REQUIREMENT:
Reproduce all of the records word for word, omitting the pictures.

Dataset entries
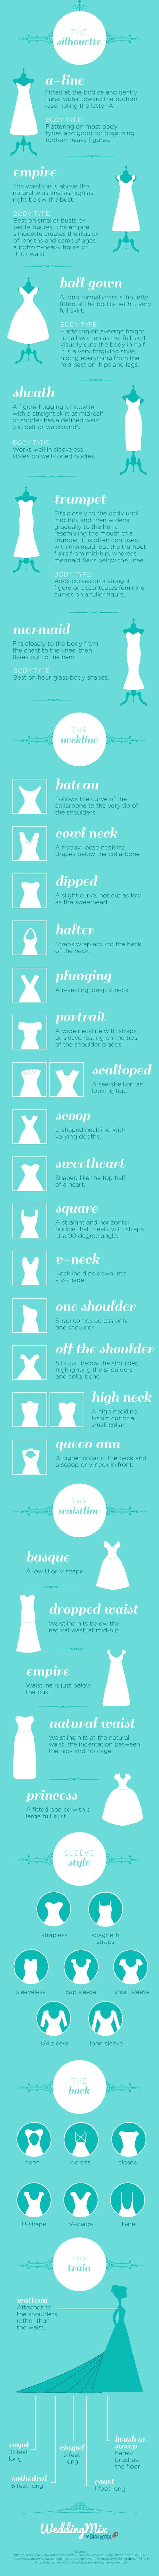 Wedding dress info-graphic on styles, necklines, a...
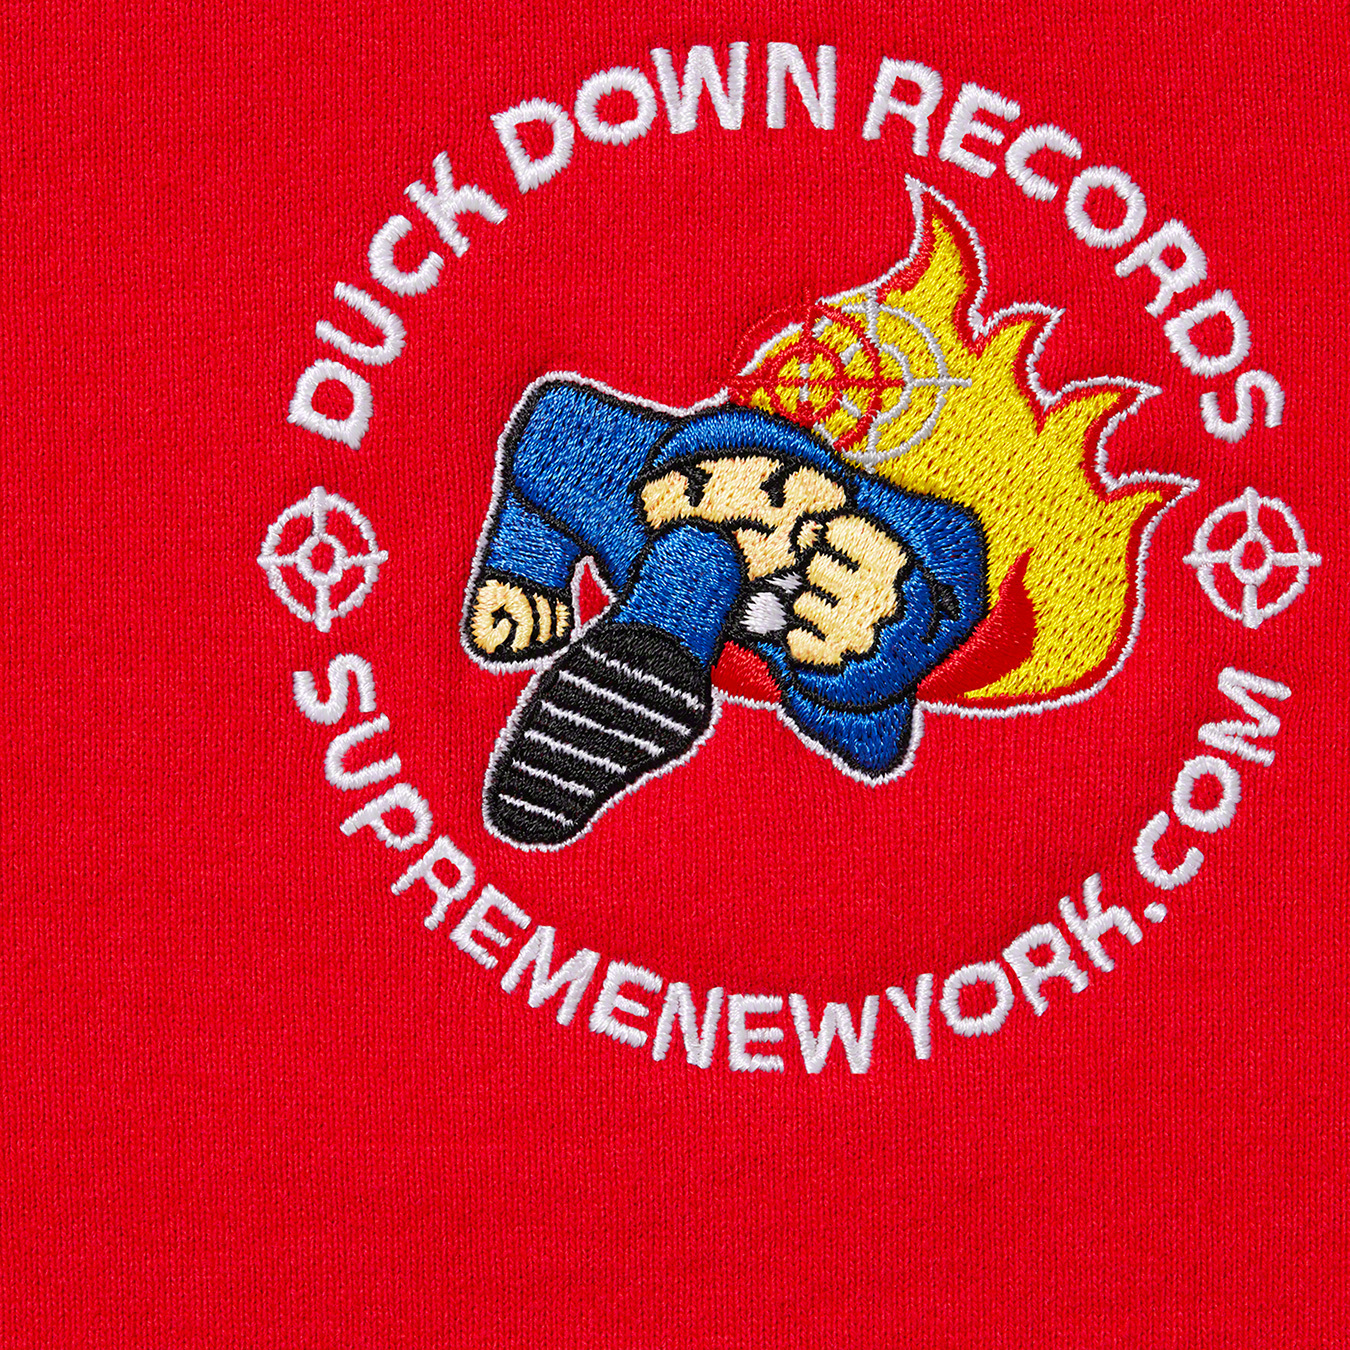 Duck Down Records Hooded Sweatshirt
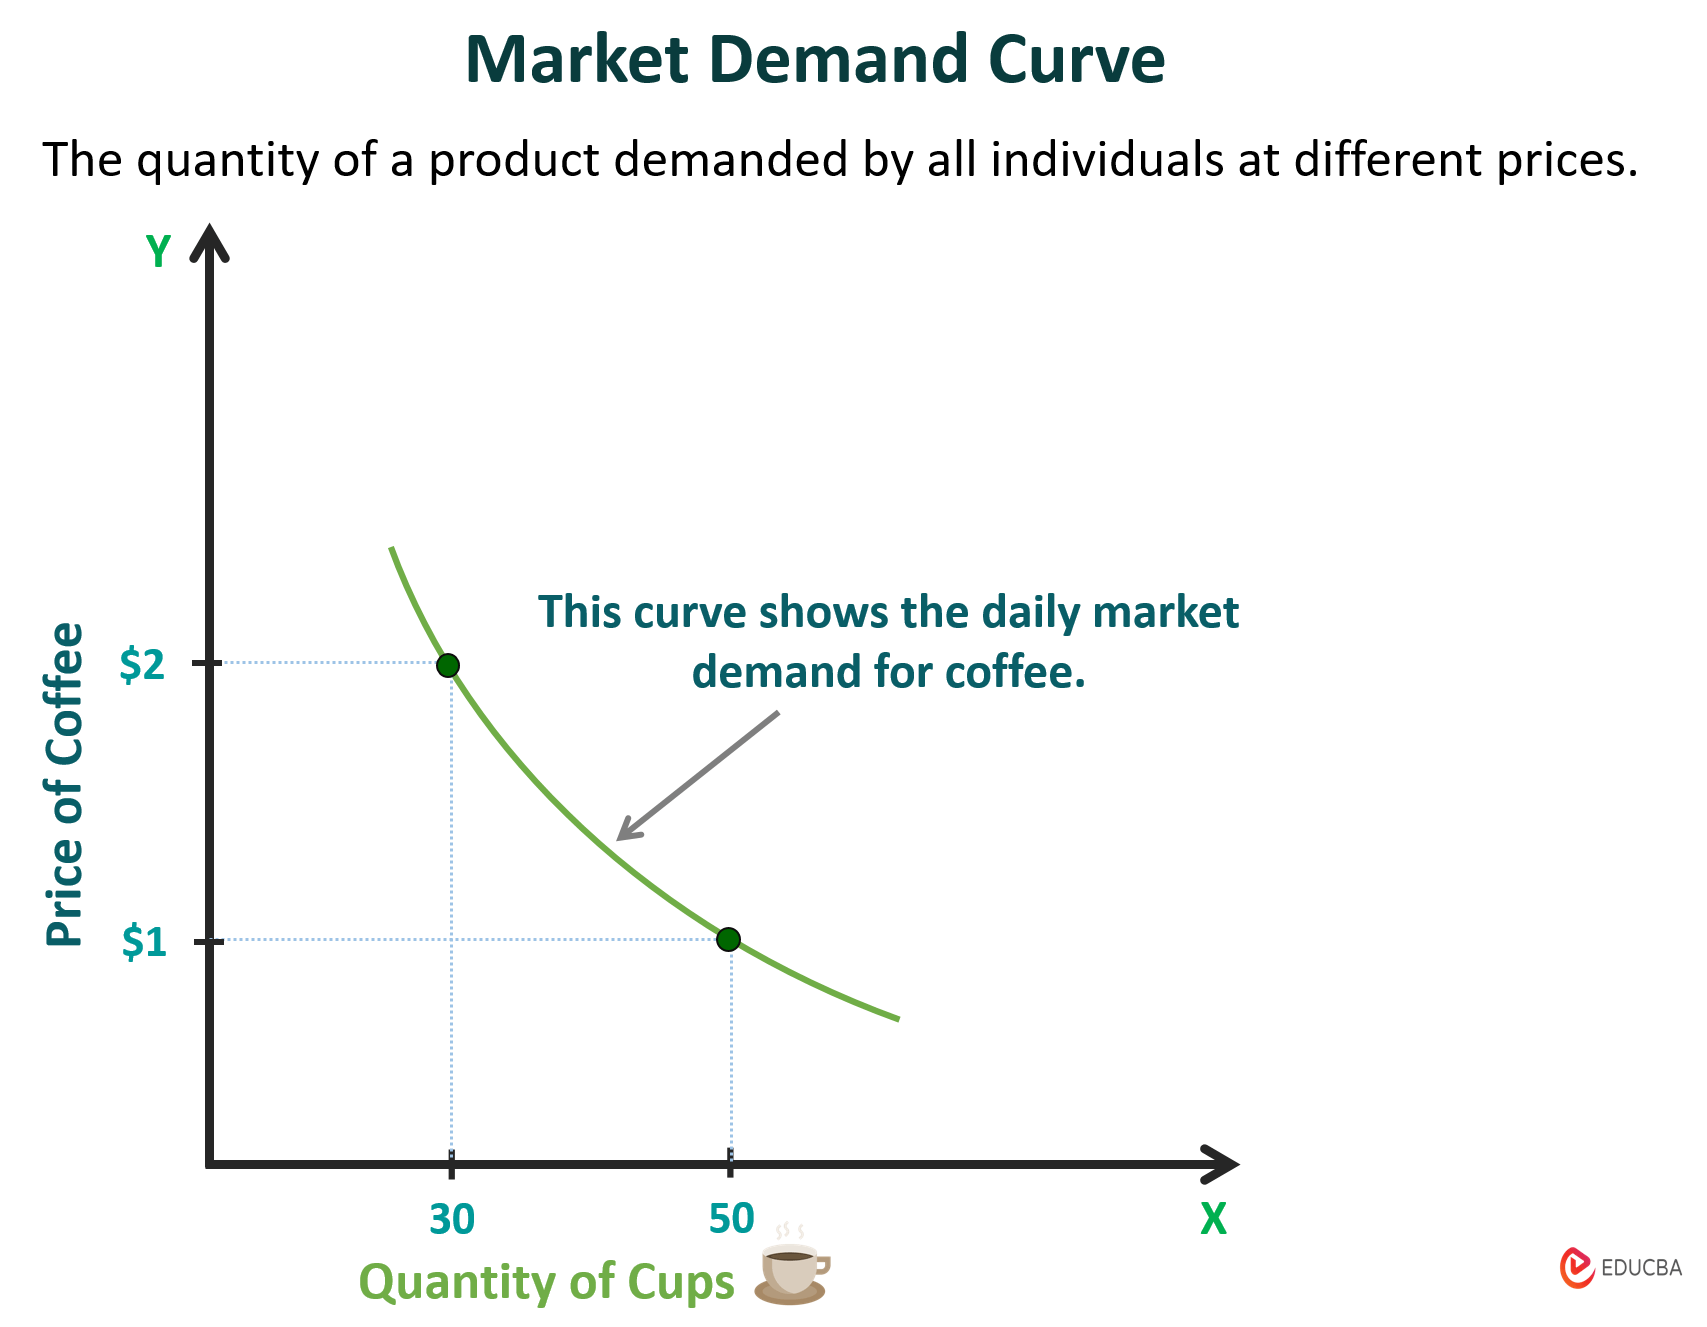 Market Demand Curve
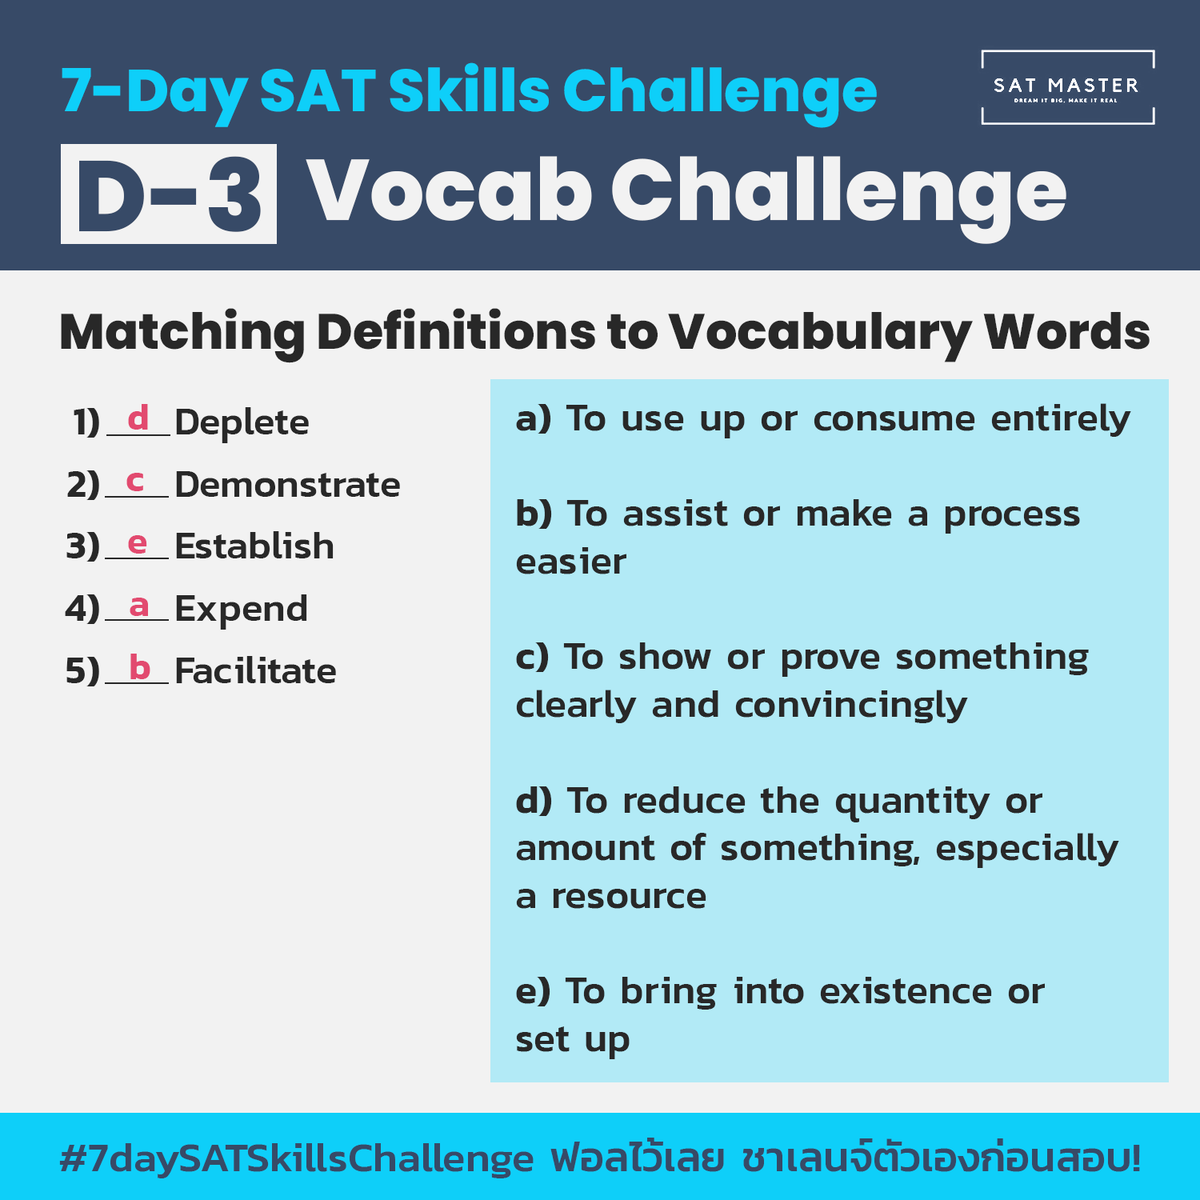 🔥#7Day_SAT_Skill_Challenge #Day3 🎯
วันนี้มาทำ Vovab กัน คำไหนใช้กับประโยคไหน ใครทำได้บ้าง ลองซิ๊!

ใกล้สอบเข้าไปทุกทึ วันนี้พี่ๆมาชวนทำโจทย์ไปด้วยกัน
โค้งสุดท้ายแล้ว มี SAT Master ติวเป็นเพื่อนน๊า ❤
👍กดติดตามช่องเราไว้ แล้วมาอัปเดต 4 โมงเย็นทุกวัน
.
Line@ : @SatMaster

YOUR SOLUTION:
 Wedding dress info-graphic on styles, necklines, a...
 Duck Down Records Hooded Sweatshirt
 Market Demand Curve
 🔥#7Day_SAT_Skill_Challenge #Day3 🎯
วันนี้มาทำ Vovab กัน คำไหนใช้กับประโยคไหน ใครทำได้บ้าง ลองซิ๊!

ใกล้สอบเข้าไปทุกทึ วันนี้พี่ๆมาชวนทำโจทย์ไปด้วยกัน
โค้งสุดท้ายแล้ว มี SAT Master ติวเป็นเพื่อนน๊า ❤
👍กดติดตามช่องเราไว้ แล้วมาอัปเดต 4 โมงเย็นทุกวัน
.
Line@ : @SatMaster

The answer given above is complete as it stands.